## Line Charts: Performance of Goedel-Prover-SFT and Kimina-Prover-Preview-Distill-7B
### Overview
The image contains two side-by-side line charts comparing the accuracy of two AI models (Goedel-Prover-SFT and Kimina-Prover-Preview-Distill-7B) across different token budgets.
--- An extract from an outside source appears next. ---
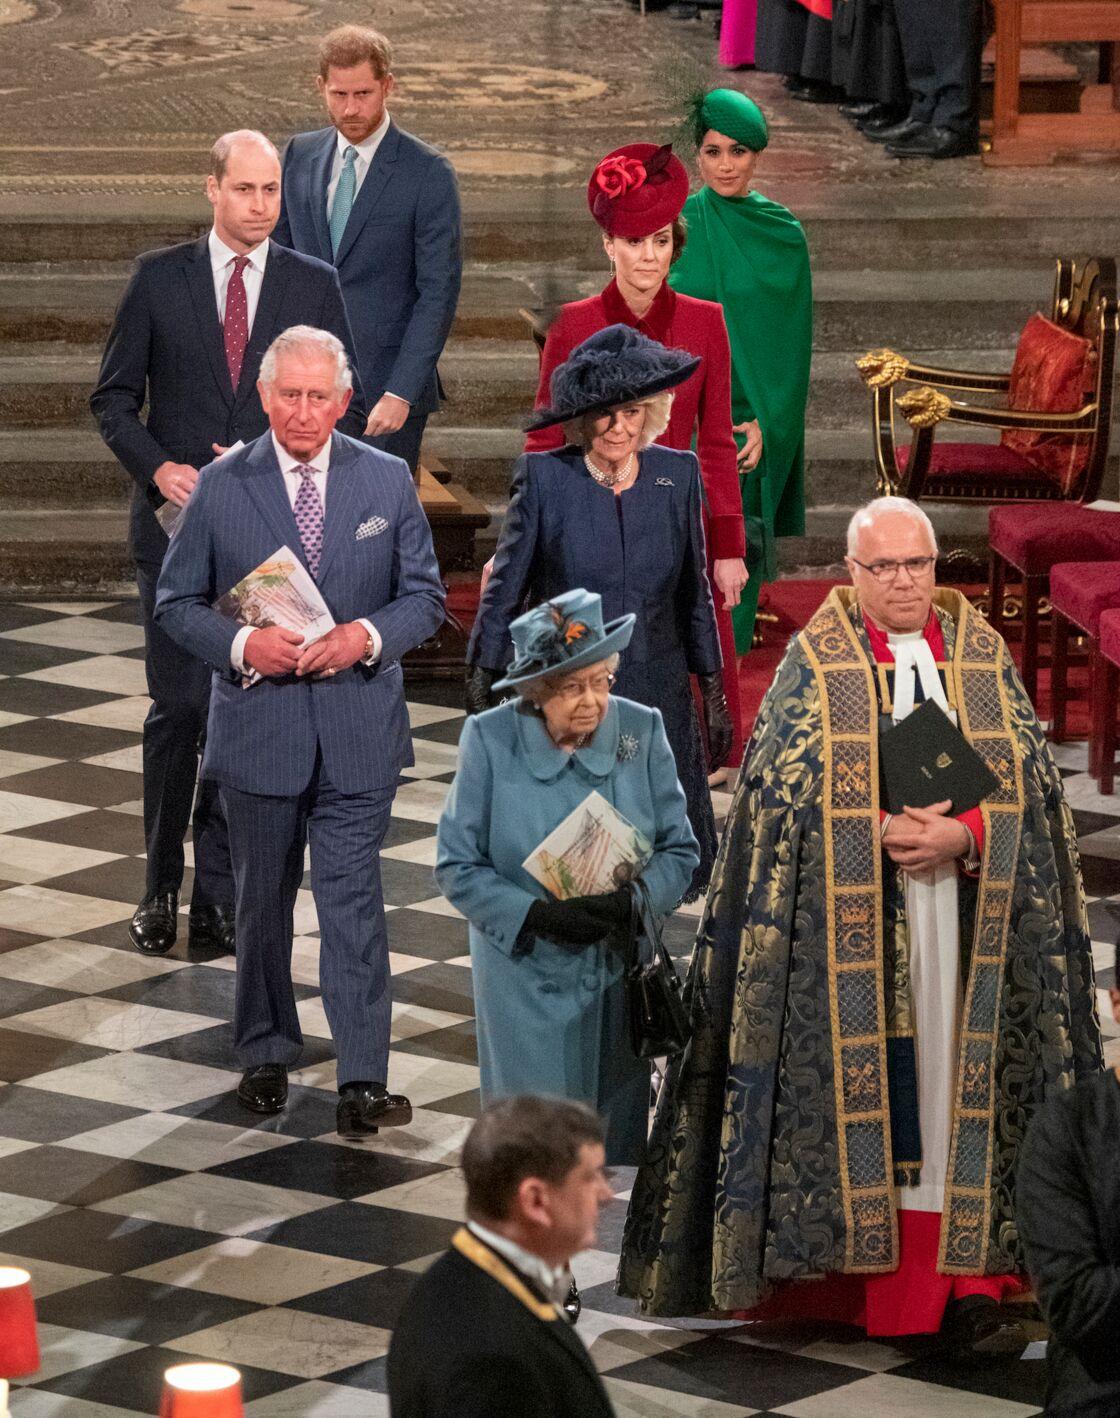 Harry et Meghan en procession derrière la reine, Charles et Camilla, Kate et William, à la fin du service célébrant le Commonwealth, à Westminster, le 9 mars 2020.

Each chart includes a baseline model and a variant enhanced with "Apollo." The x-axis uses a logarithmic scale for token budgets, while the y-axis shows accuracy in percentage.
---
### Components/Axes
#### Left Chart: Goedel-Prover-SFT
- **X-axis**: Token budget (N) - log scale
Labels: 16.1K, 38.3K, 140K, 406K, 1.3M, 12.7M
- **Y-axis**: Accuracy (%)
Range: 58% to 65%
- **Legend**:
- Blue line: Goedel-Prover-SFT
- Orange line: Goedel-Prover-SFT + Apollo
#### Right Chart: Kimina-Prover-Preview-Distill-7B
- **X-axis**: Token budget (N) - log scale
Labels: 140K, 406K, 1.3M, 4.5M
- **Y-axis**: Accuracy (%)
Range: 64% to 74%
- **Legend**:
- Red line: Kimina-Prover-Preview-Distill-7B
- Green line: Kimina-Prover-Preview-Distill-7B + Apollo
---
### Detailed Analysis
#### Left Chart: Goedel-Prover-SFT
- **Baseline (Blue)**:
- Starts at **58%** at 16.1K tokens.
- Increases steadily to **64.5%** at 12.7M tokens.
- Slope: Linear upward trend.
- **Apollo-enhanced (Orange)**:
- Starts at **57.5%** at 16.1K tokens.
- Sharp rise to **65.1%** at 406K tokens.
- Plateaus at **64.5%** for larger budgets (1.3M–12.7M).
#### Right Chart: Kimina-Prover-Preview-Distill-7B
- **Baseline (Red)**:
- Starts at **63.5%** at 140K tokens.
- Gradual increase to **70.8%** at 4.5M tokens.
- Slope: Linear upward trend.
- **Apollo-enhanced (Green)**:
- Starts at **63.5%** at 140K tokens.
- Steeper rise to **74.1%** at 1.3M tokens.
- Further improvement to **74.5%** at 4.5M tokens.
---
### Key Observations
1. **Apollo Enhancement**:
- Both models show significant accuracy gains when Apollo is added.
- Larger token budgets amplify these gains, especially in the Kimina model.
2. **Diminishing Returns**:
- Goedel-Prover-SFT + Apollo plateaus at 406K tokens, suggesting limited benefit from further scaling.
3. **Performance Gaps**:
- Kimina-Prover-Preview-Distill-7B + Apollo consistently outperforms its baseline by ~3–4% across all budgets.
- Goedel-Prover-SFT + Apollo outperforms its baseline by ~1–2% at lower budgets but converges at higher budgets.
---
### Interpretation
The data demonstrates that **Apollo significantly boosts model performance**, with the Kimina model benefiting more from scaling. The plateau in Goedel-Prover-SFT + Apollo at 406K tokens implies architectural or optimization limits, whereas Kimina’s continued improvement suggests better scalability. These trends highlight the importance of model architecture and auxiliary components (like Apollo) in achieving high accuracy, particularly at larger token budgets.